What I ultimately want to do is find the second vlookup value. The basic design is 1. Find value row number with a MATCH formula 2. Then use INDIRECT formula to shift the table array down one from the original VLOOKUP

Sounds simple. And I've gotten it to work perfectly fine in a single workbook, but my VLOOKUP needs to find values in a second workbook.

In my head the formula below should work but obviously it's not.

=VLOOKUP(A1,'[InsightsDataExport.xlsx]Lead Profile'!(INDIRECT("AP"&(((MATCH(A1,'[InsightsDataExport.xlsx]Lead Profile'!$AP:$AP,0))+1))):AR10000,2,FALSE)

So my though was

  1. Looks at Workbook 1 A1 cell
  2. Table array in Workbook 2 (aka InsightsDataExport)
  3. INDIRECT pairs column "AP" with the row number. The row number is found using a MATCH formula to find the first occurrence of A1 value form workbook 1 in workbook 2 AP columns then adds 1 (hence the table array begins AFTER the first occurrence)

I'm just going around and around in circles here. If someone could point me in the right direct that would be greatly appreciated.

Jerremy Leedham
  • 97
  • 4
  • 13

1 Answers1

2

Rather than trying to fix your formula, I'd rather show you a cleaner approach.

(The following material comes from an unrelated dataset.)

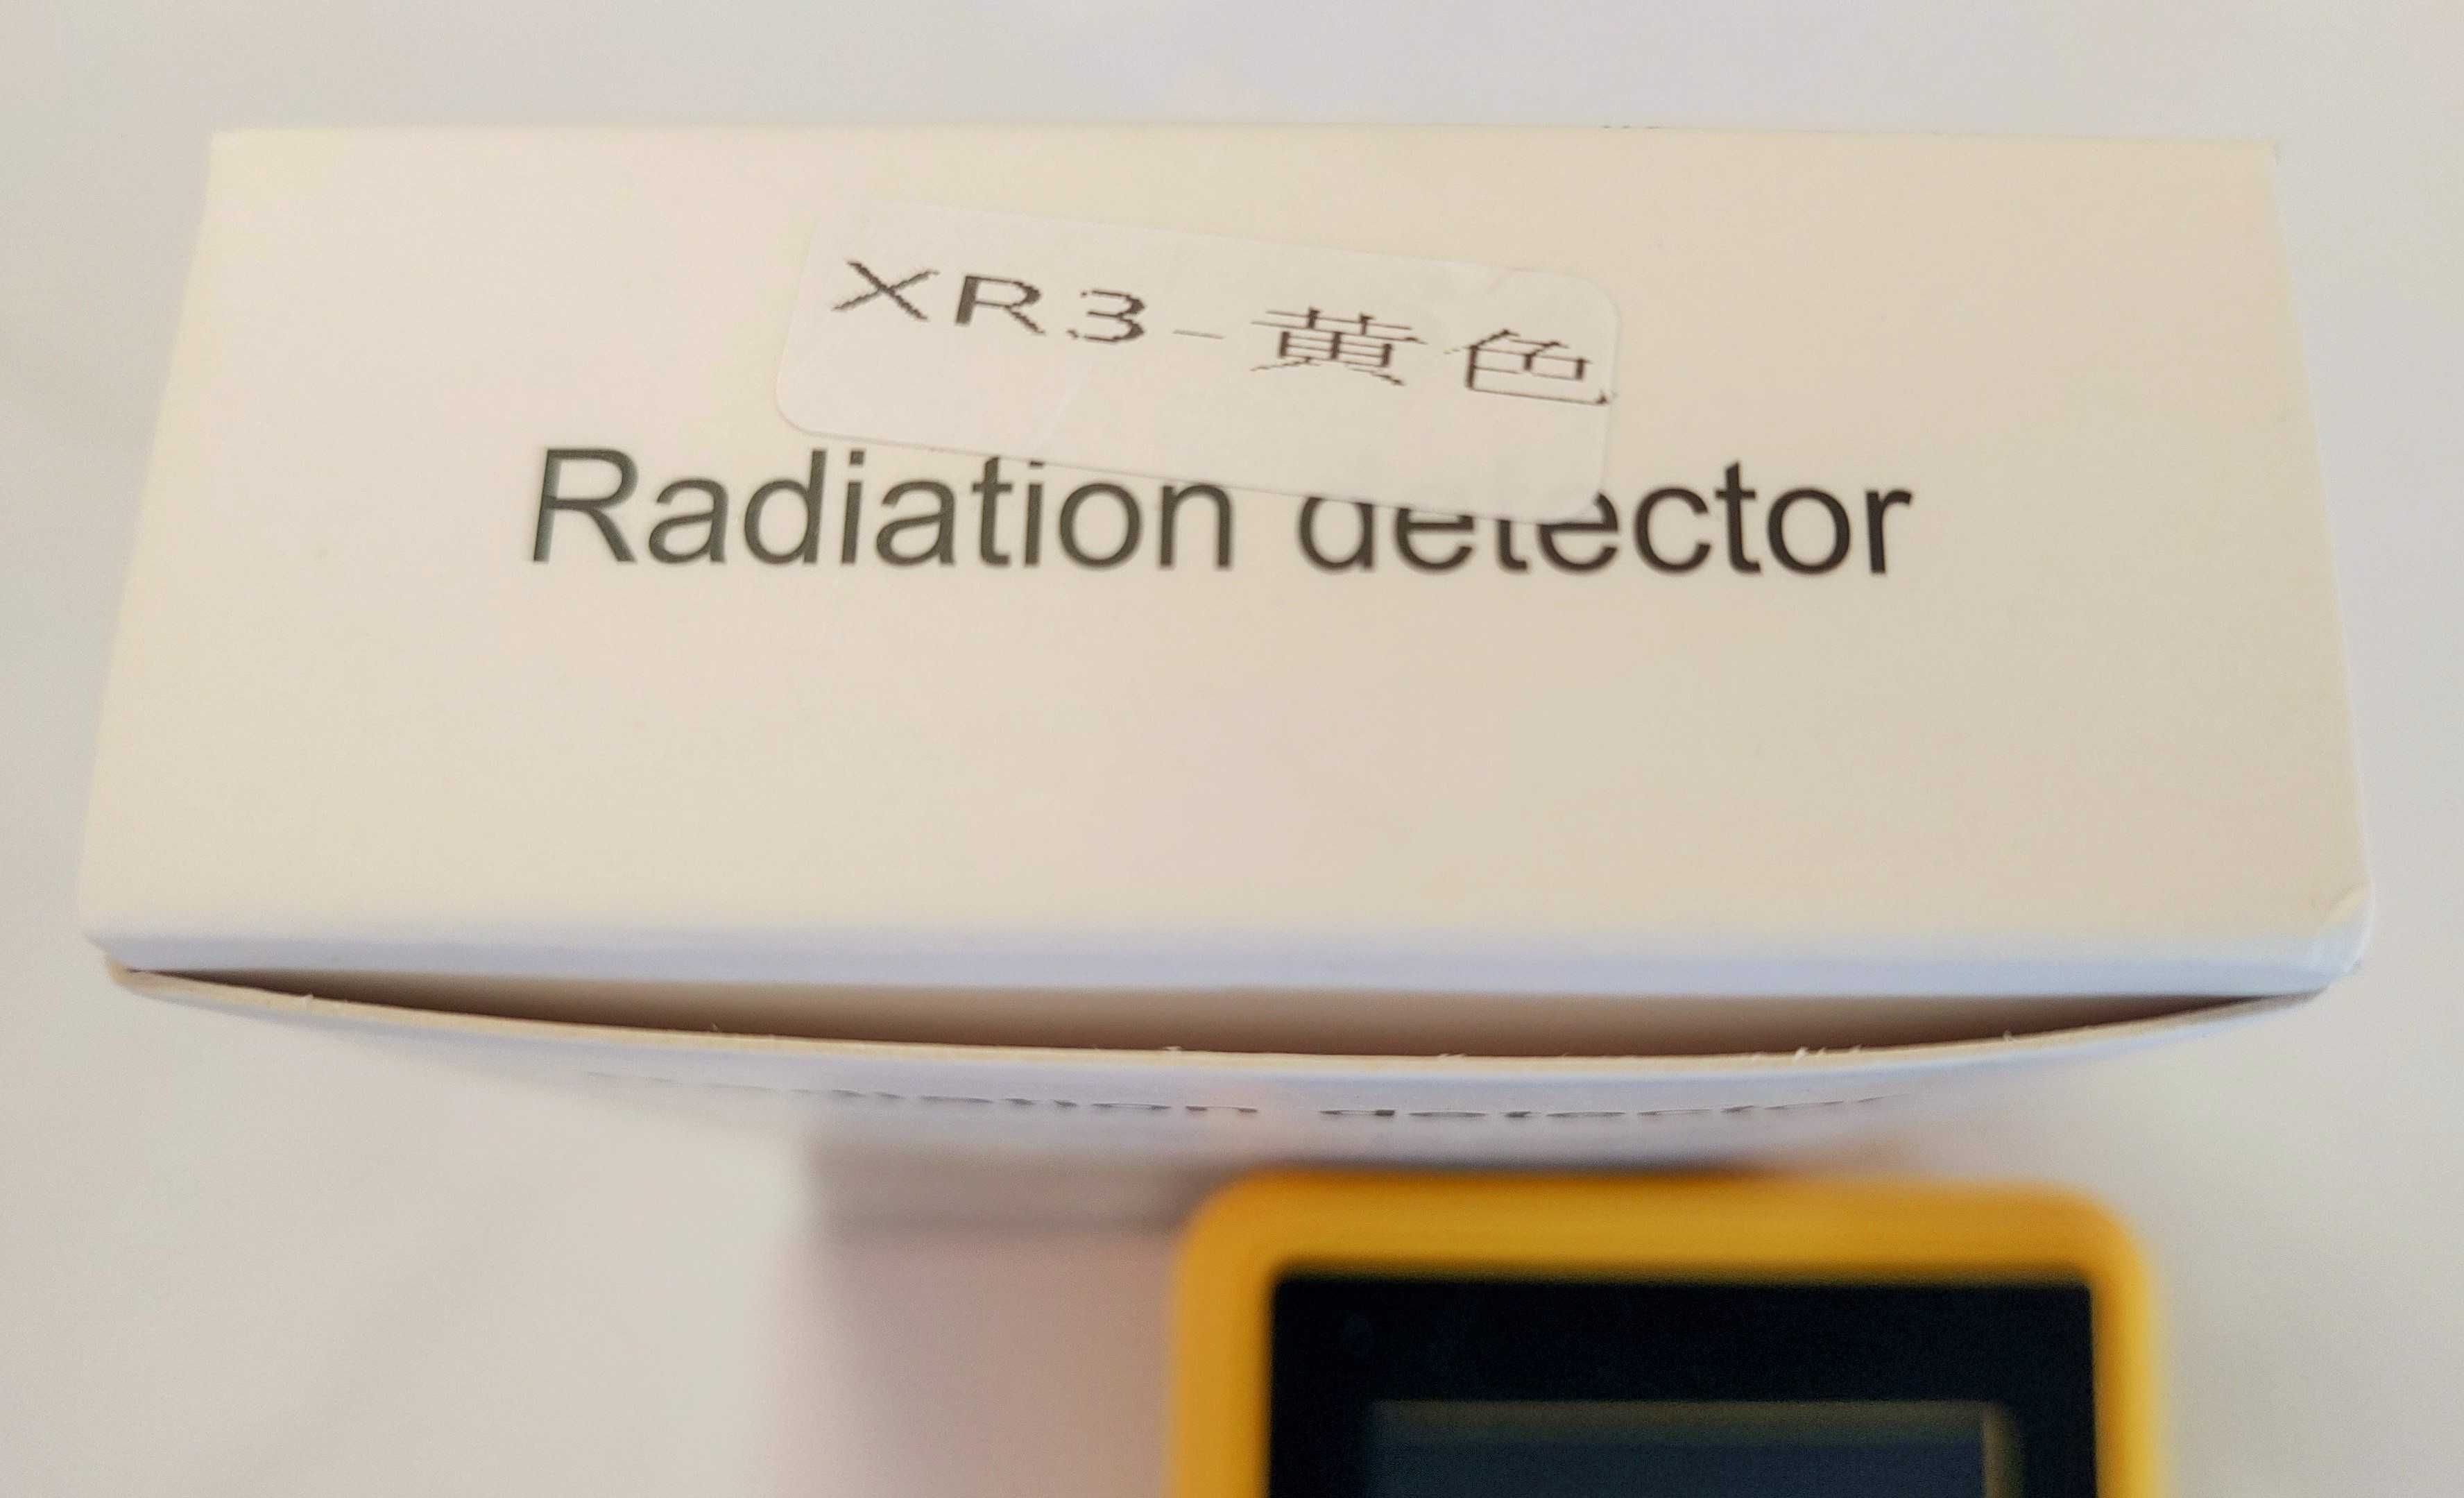 Дозиметр радиации  2 в 1 . Лічильник Гейгера
BR-9C XR-3

INDIRECT is a powerful but Volatile function that will always recalculate with every change in a workbook. If you're using it in an entire column, it can slow your workbook down immensely. You're also stuck searching an arbitrarily large area which has it's own risks and performance issues.

You can find the row number of the 2nd instance of a value using an array-entered function. Double click in a cell so you're in edit mode, paste in this formula and then confirm it using CRTL-SHIFT-ENTER:

=SMALL(IF('[InsightsDataExport.xlsx]Lead Profile'!$AP1:$AP10000=A1,ROW($A$1:$A$10000),FALSE),2)

The inside parts of this formula do the following:

'[InsightsDataExport.xlsx]Lead Profile'!$AP1:$AP10000=A1

creates an array of TRUE and FALSE values depending on whether each cell in AP1:AP10000 matches the value in the local A1

ROW($A$1:$A$10000)

creates an array of numbers from 1 to 10000 that are used if a cell matches A1, otherwise FALSE is used. So, if the value you're searching for is found in cells 2 and 5, the inside part of the formula has an array like:

{FALSE, 2, FALSE, FALSE, 5, FALSE....}

Then, SMALL(array,2) means to take the 2nd smallest numerical value, which will be the row number of the 2nd match, which in this case in 5.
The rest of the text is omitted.